### ASSIGNMENT:
Where the data below shows a picture, leave that picture out and copy the rest exactly.

### EXERCISE DATA:
__________
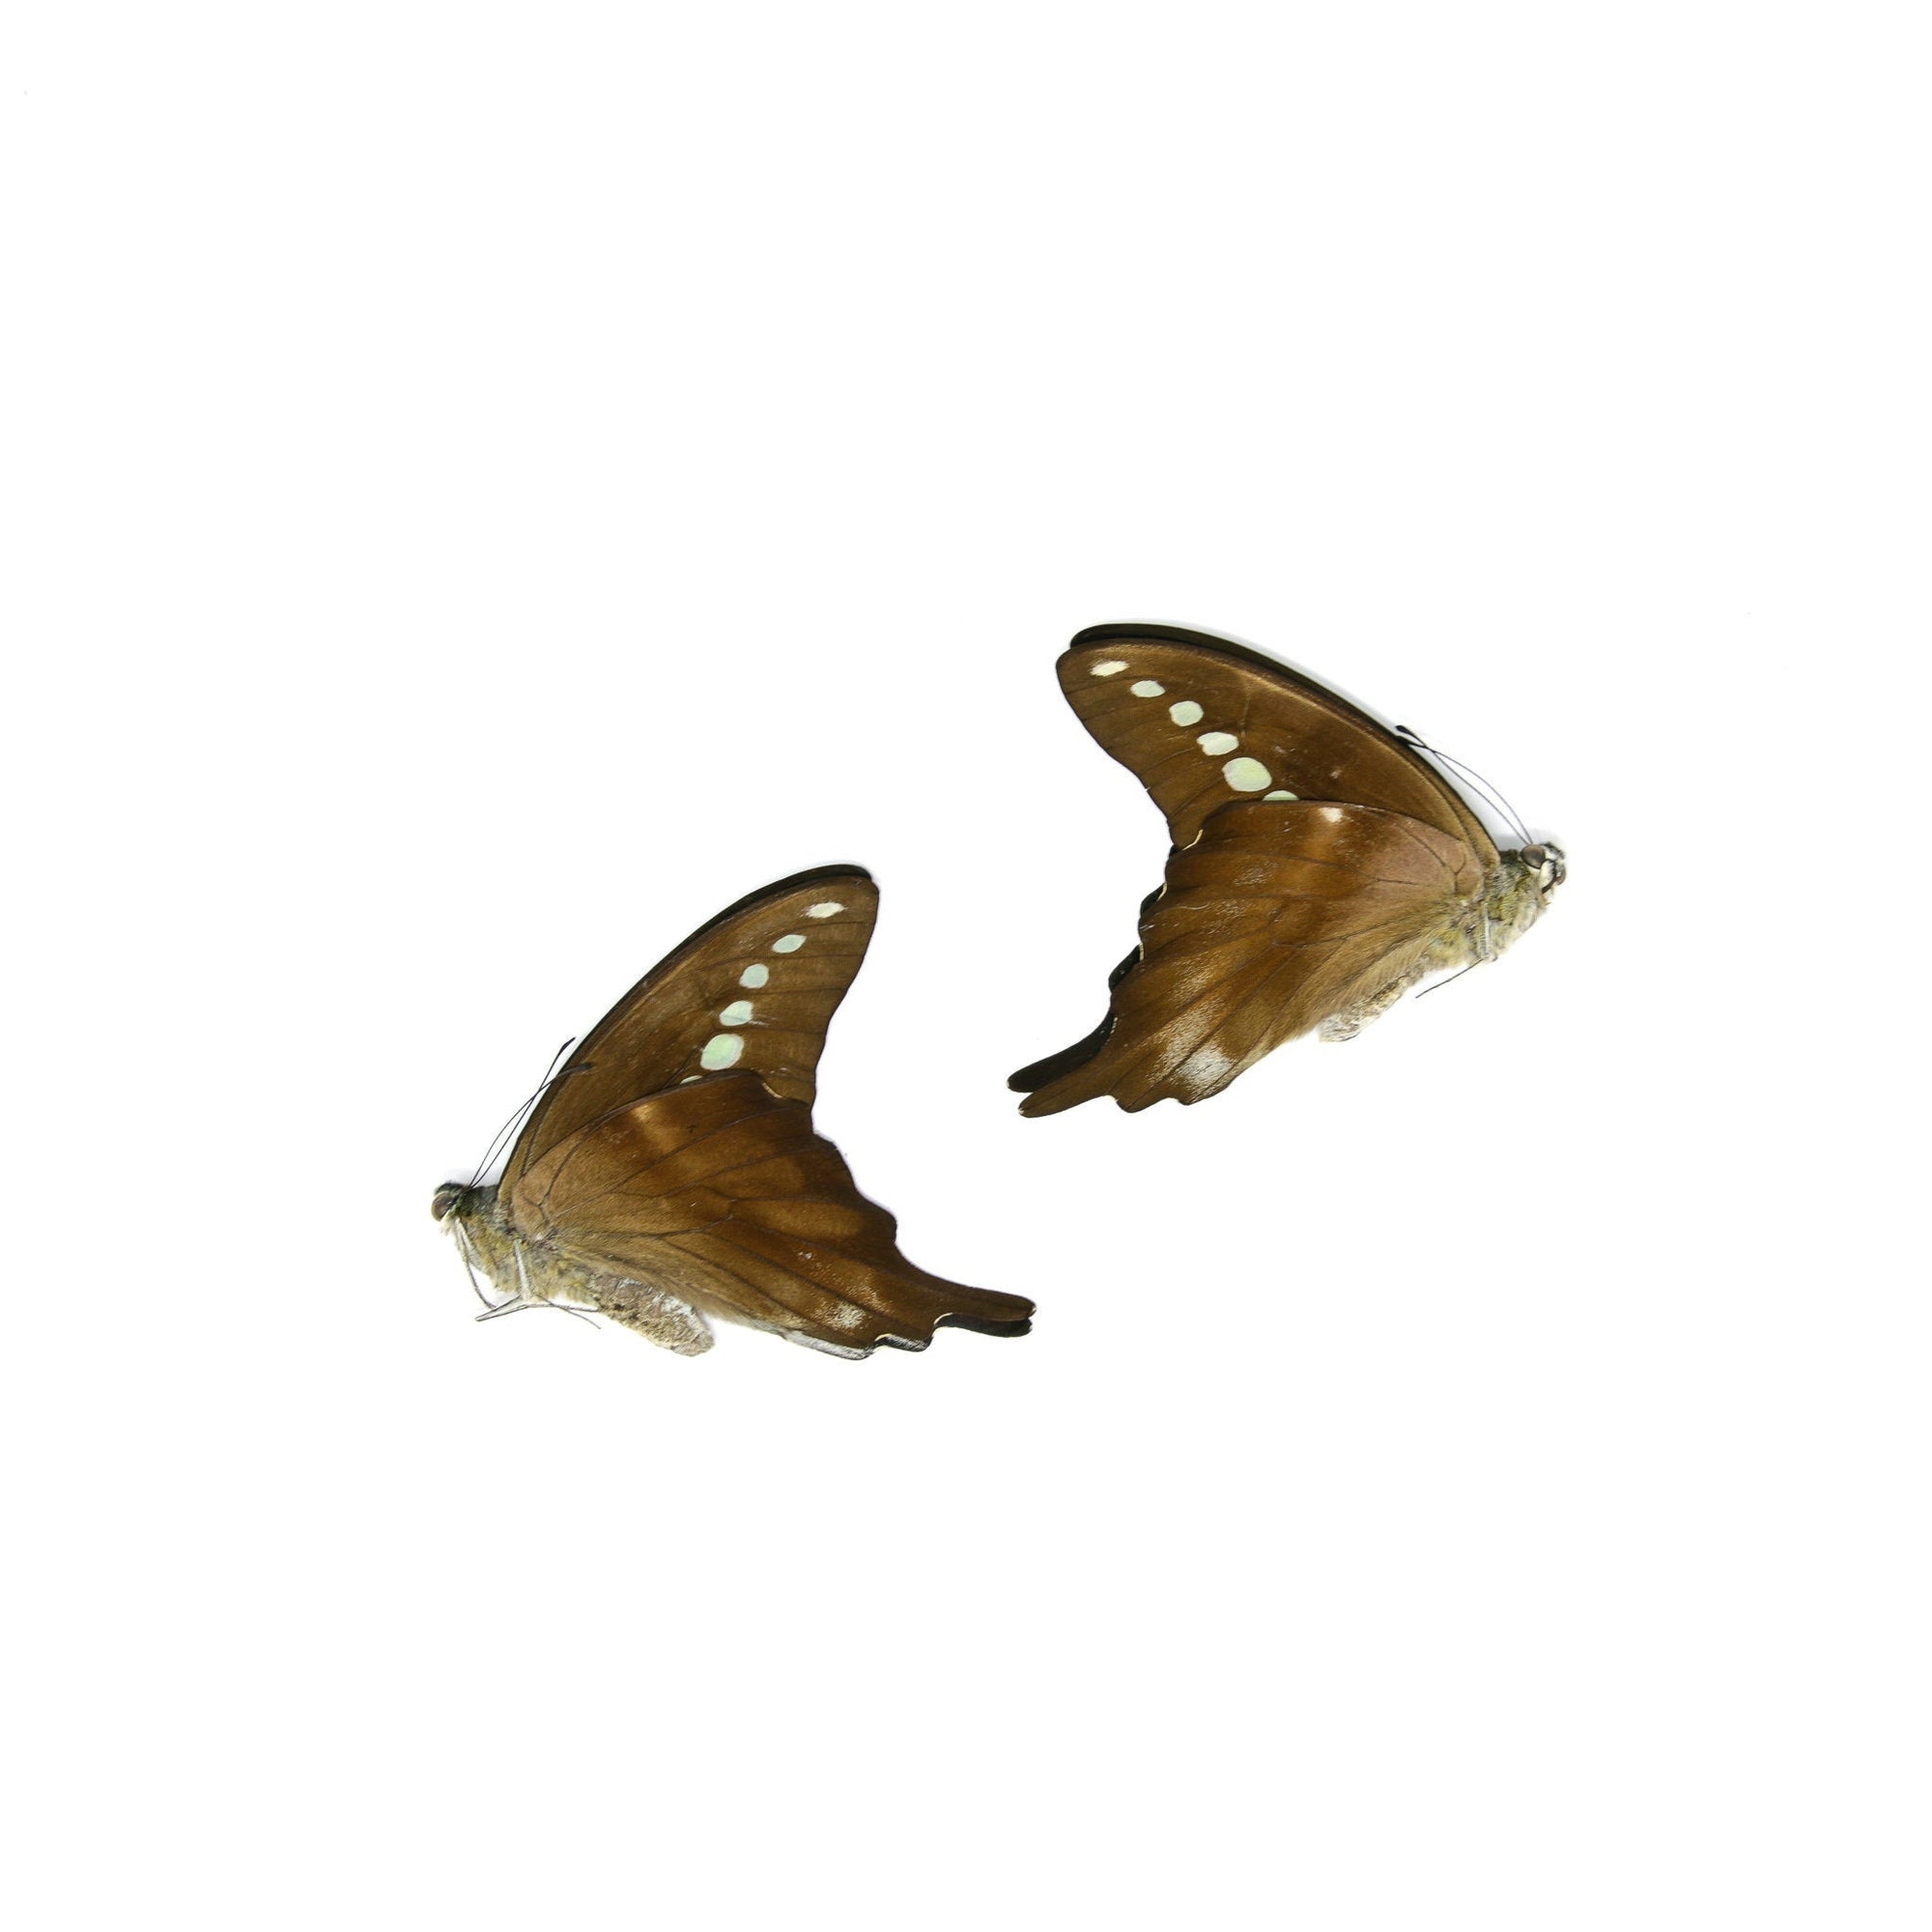 2 x Green Banded Swallowtail | Graphium codrus | Dry-Preserved Unmounted Butterfly Specimens A1
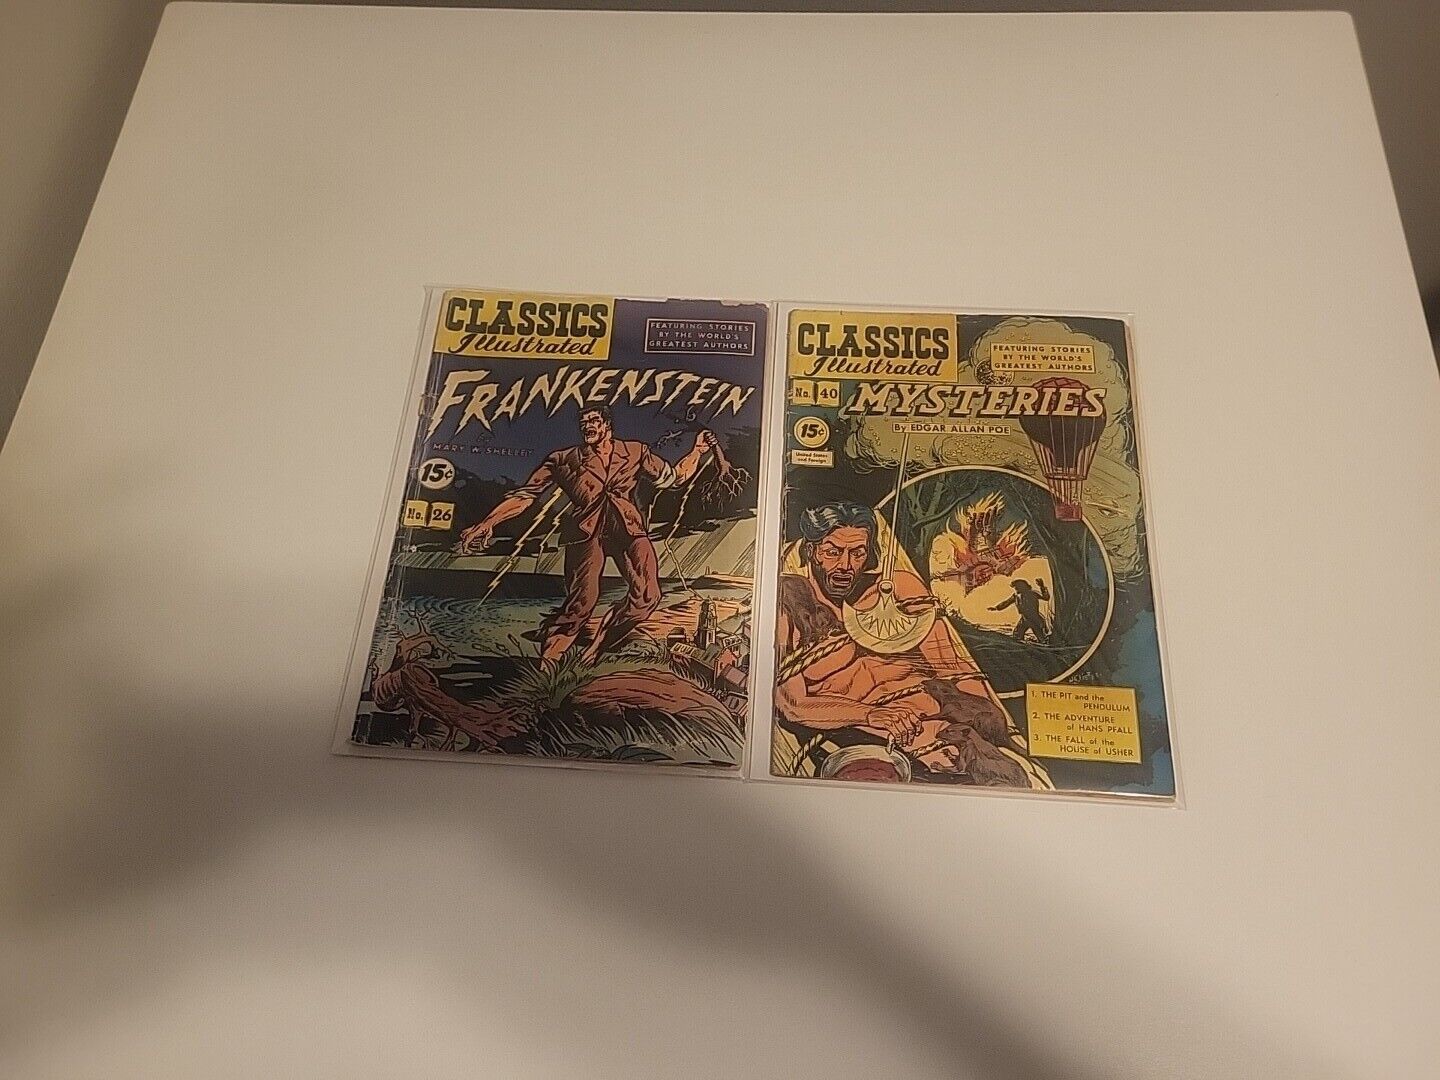 Classic illustrated #26 Frankenstein And Classics Illustrated #40 Mysteries Poe
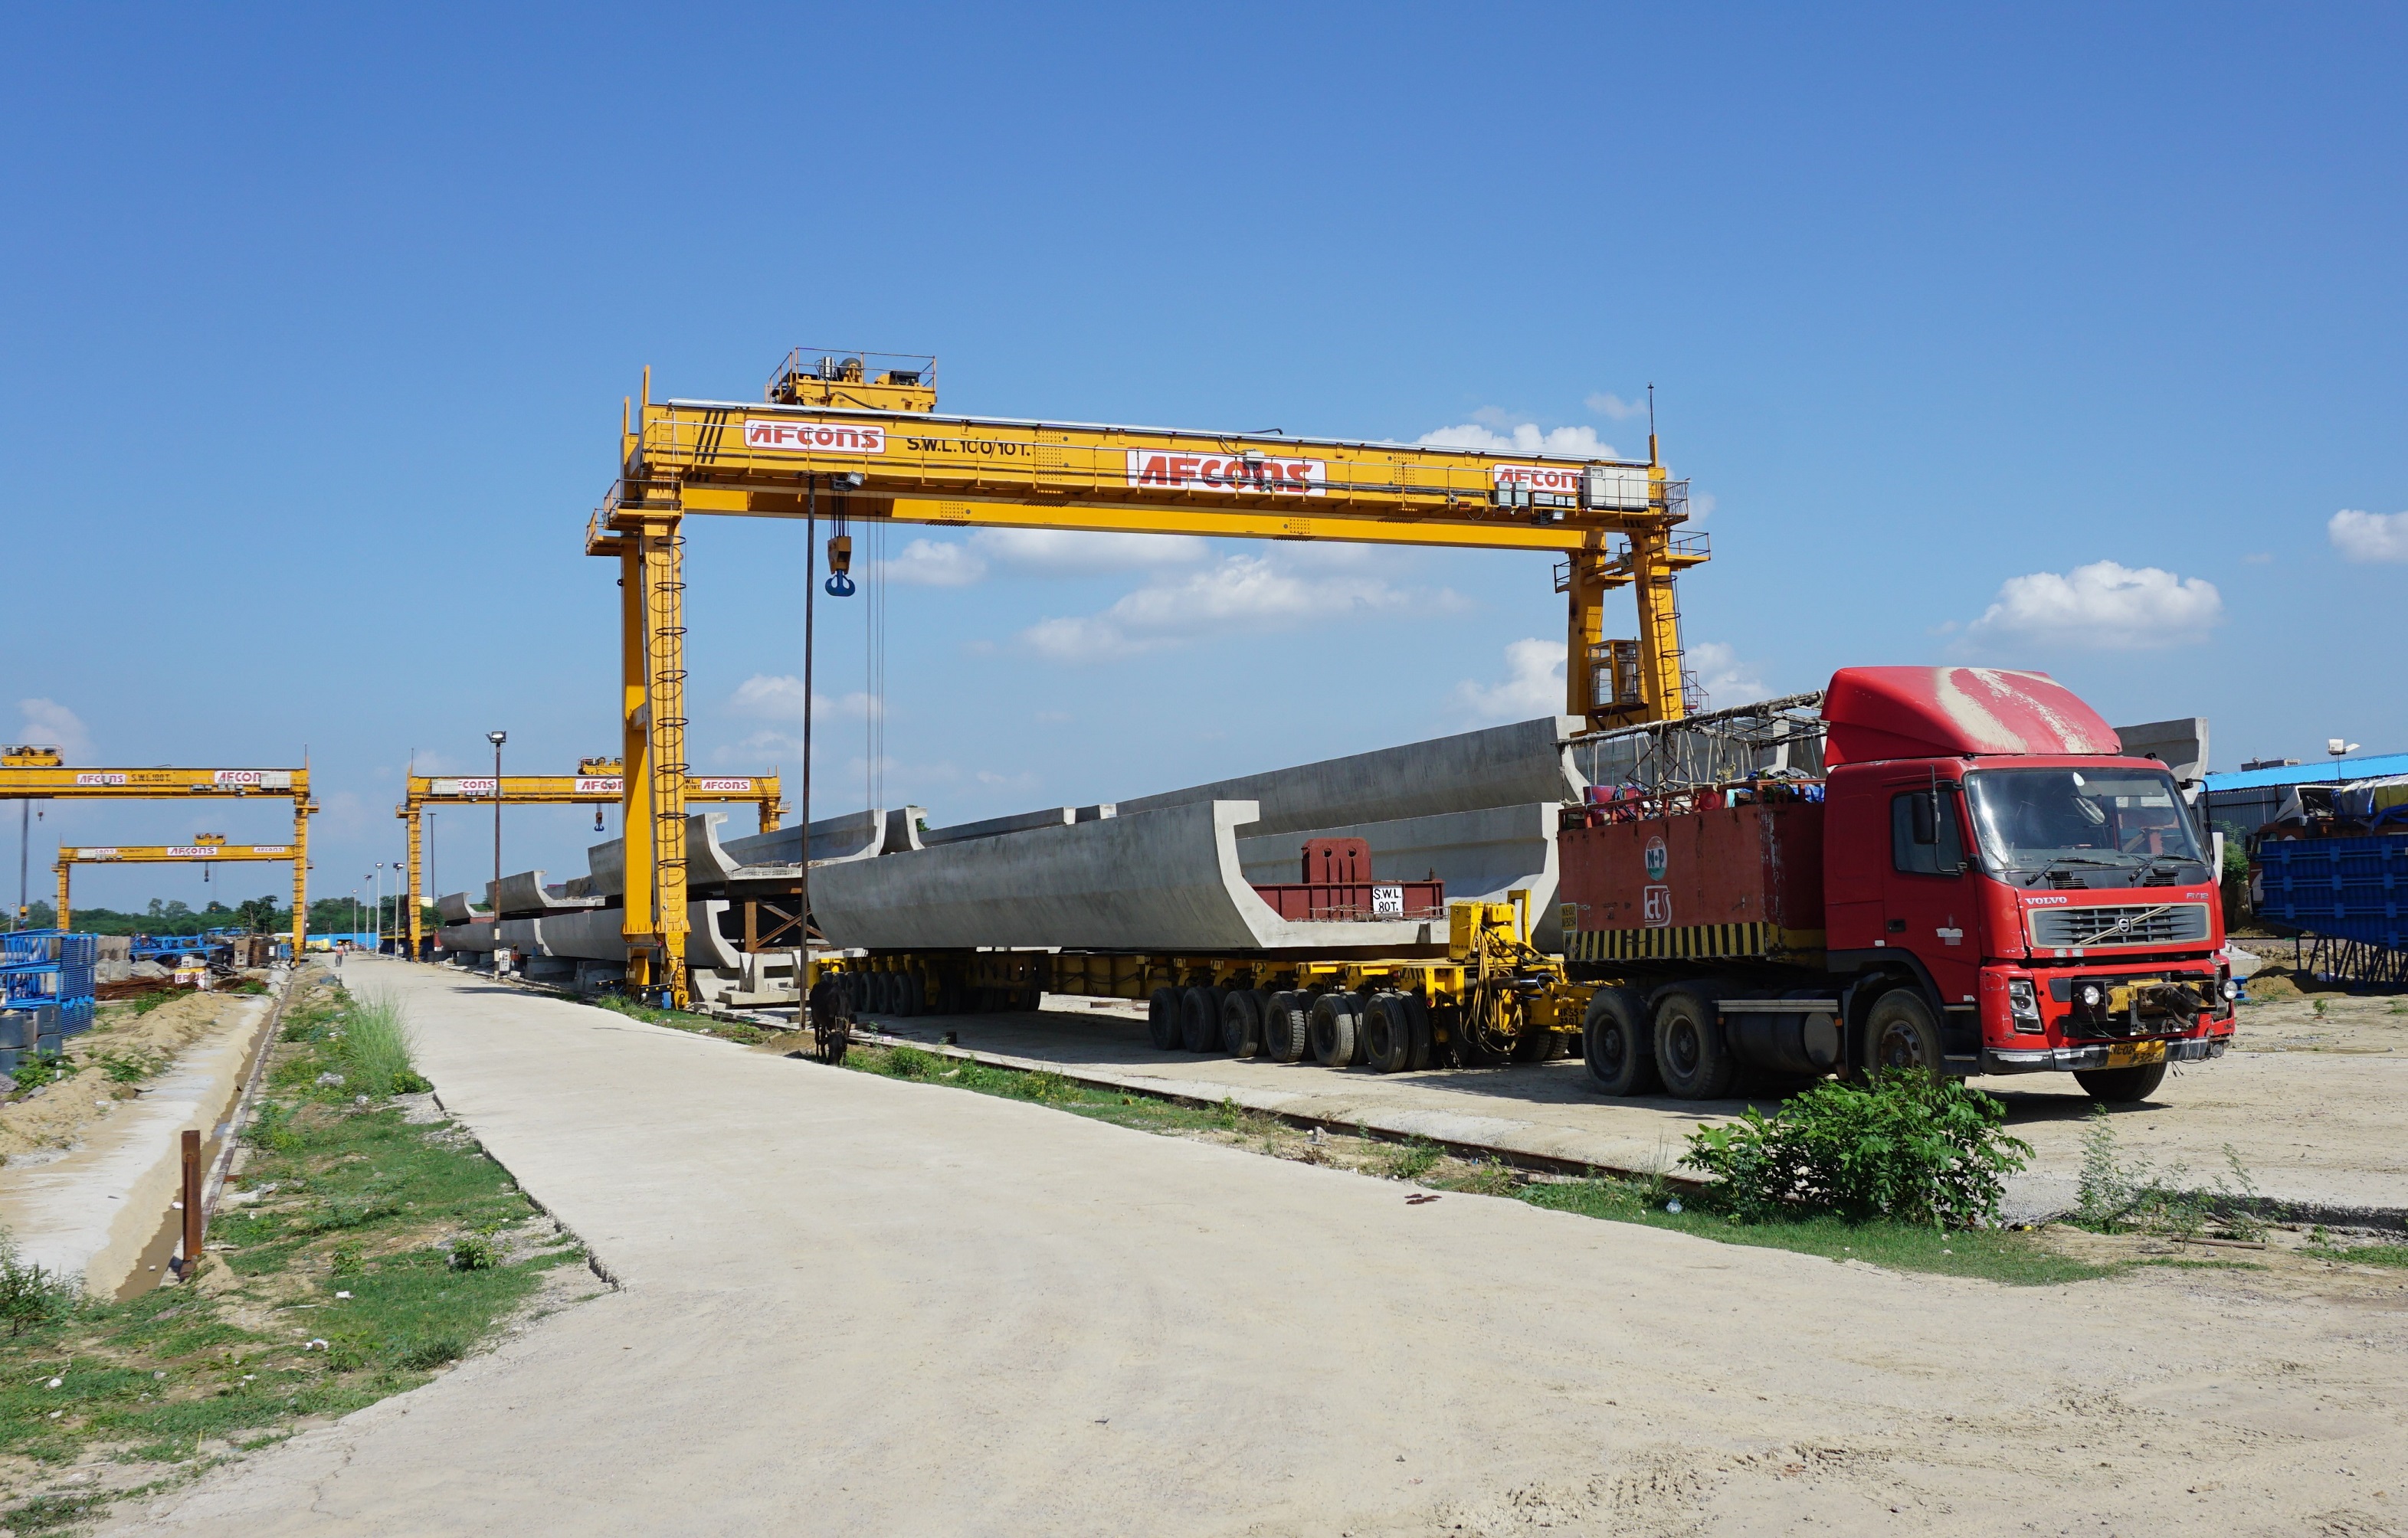 1st U-Girder for erection placed on multi-axle trailer at Casting Yard for trial runs
__________
### ANSWER SPACE:
 2 x Green Banded Swallowtail | Graphium codrus | Dry-Preserved Unmounted Butterfly Specimens A1
 Classic illustrated #26 Frankenstein And Classics Illustrated #40 Mysteries Poe
 1st U-Girder for erection placed on multi-axle trailer at Casting Yard for trial runs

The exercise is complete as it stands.